# Annoying neighbor part 2



## RunAround (Feb 17, 2008)

Ok, so most of you know about my really annoying neighbor who just lets her kids run around the yard chasing my animals whenever... even when I'm not home. 

Well guess what happened?!?!

A few nights ago there was a fire at one of houses on the street but I didn't see which one so I drove down the street today to find out who. It was hers! :shocked: So I guess I don't have to worry about her bringing the kids to the house for a while, but dang, I never wished her house burnt down. Well it's not really burnt down, but there is a lot of damage.


----------



## liz (Oct 5, 2007)

How awful! Hopefully they have family close by to stay with.

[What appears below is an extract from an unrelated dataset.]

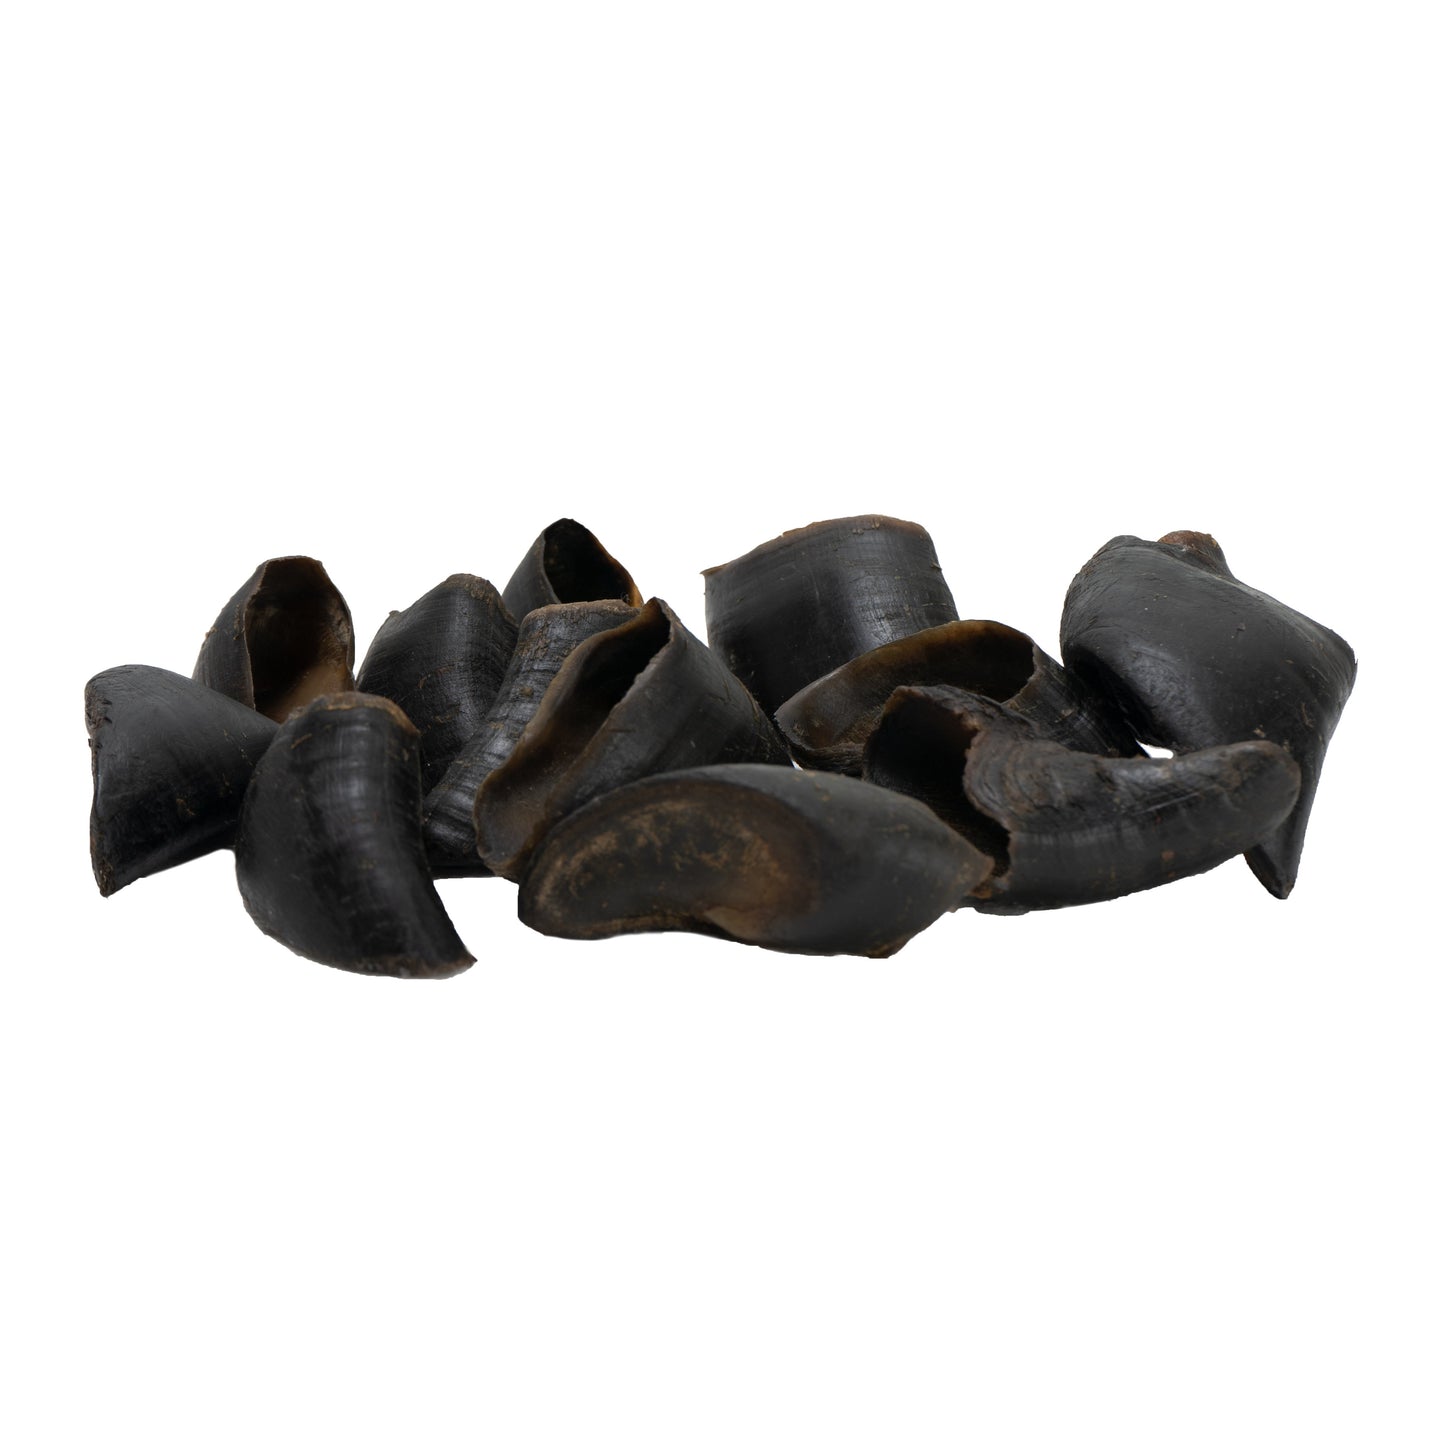 Water Buffalo Hooves Dog Chews-4 Count-10 oz
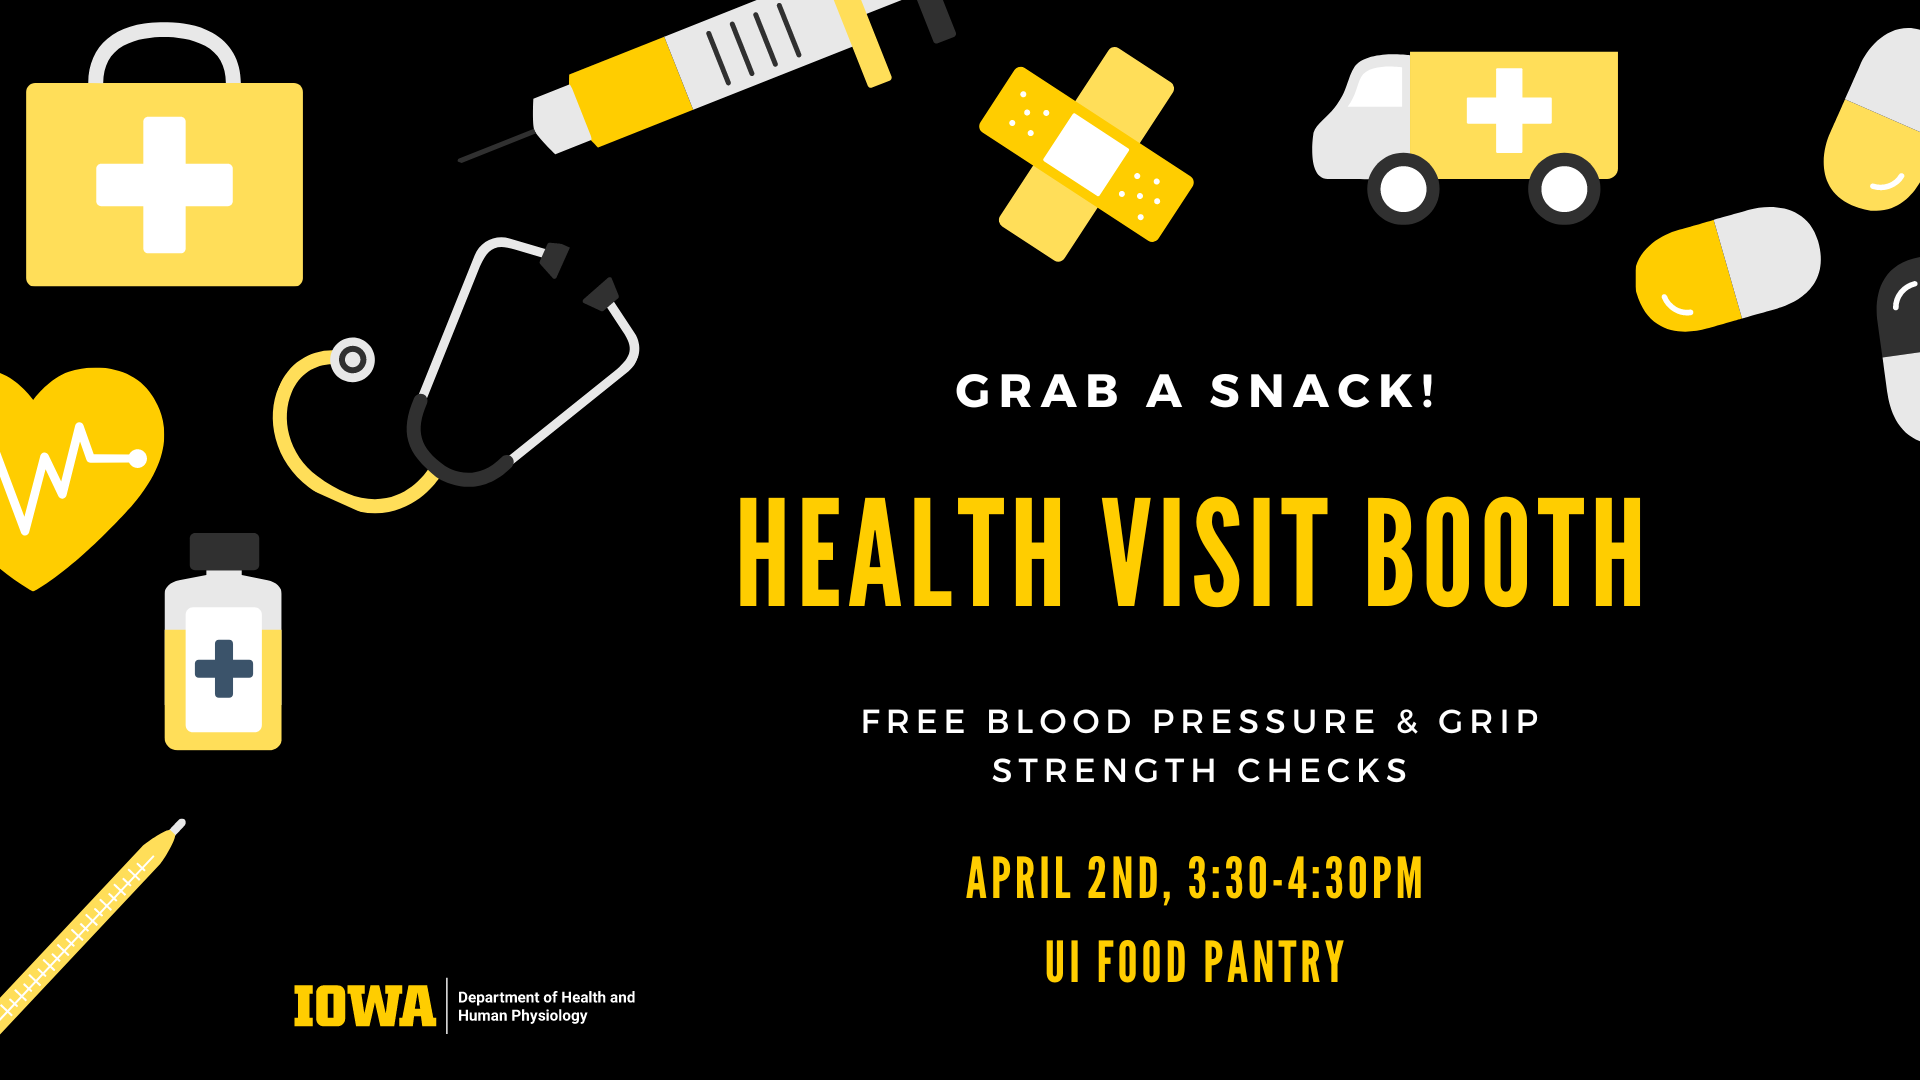 Students in HHP:3820 are planning, implementing, and evaluating health events at the UI Food Pantry on April 2, 9, 16, and 23rd

We know you didn't want something like this to happen..... coincidence is all it was. :hug:


----------



## StaceyRosado (Oct 5, 2007)

stuff happeneds and i do hope all the kids are ok. People maybe annoying but we never wish them harm, so I know you didnt wish it upon them.


----------



## Dreamchaser (Oct 30, 2008)

Kinda morbid, but I wonder if the kids had anything to do with it? All kids play with fire at some time or another, whether or not they admit to it or not. I was a very good kid, and even I was guilty of it.


----------



## Idahodreamer (Sep 19, 2009)

Might have been the kids. 
I lived in a trailer court until I was about eight----and during that time I walked out the backdoor to find one of the neighbor kids setting fire to the brush behind my old neighbor's house. I doused it with Sprite. I don't know what would have happened to him if he had actually managed to set fire to her house. Now that I think about it, Since our home was so close, chances are our home would have caught fire as well.


----------



## RunAround (Feb 17, 2008)

lol, I'm pretty sure it was the kids. She couldn't control them at all. They just ran around like crazy.


----------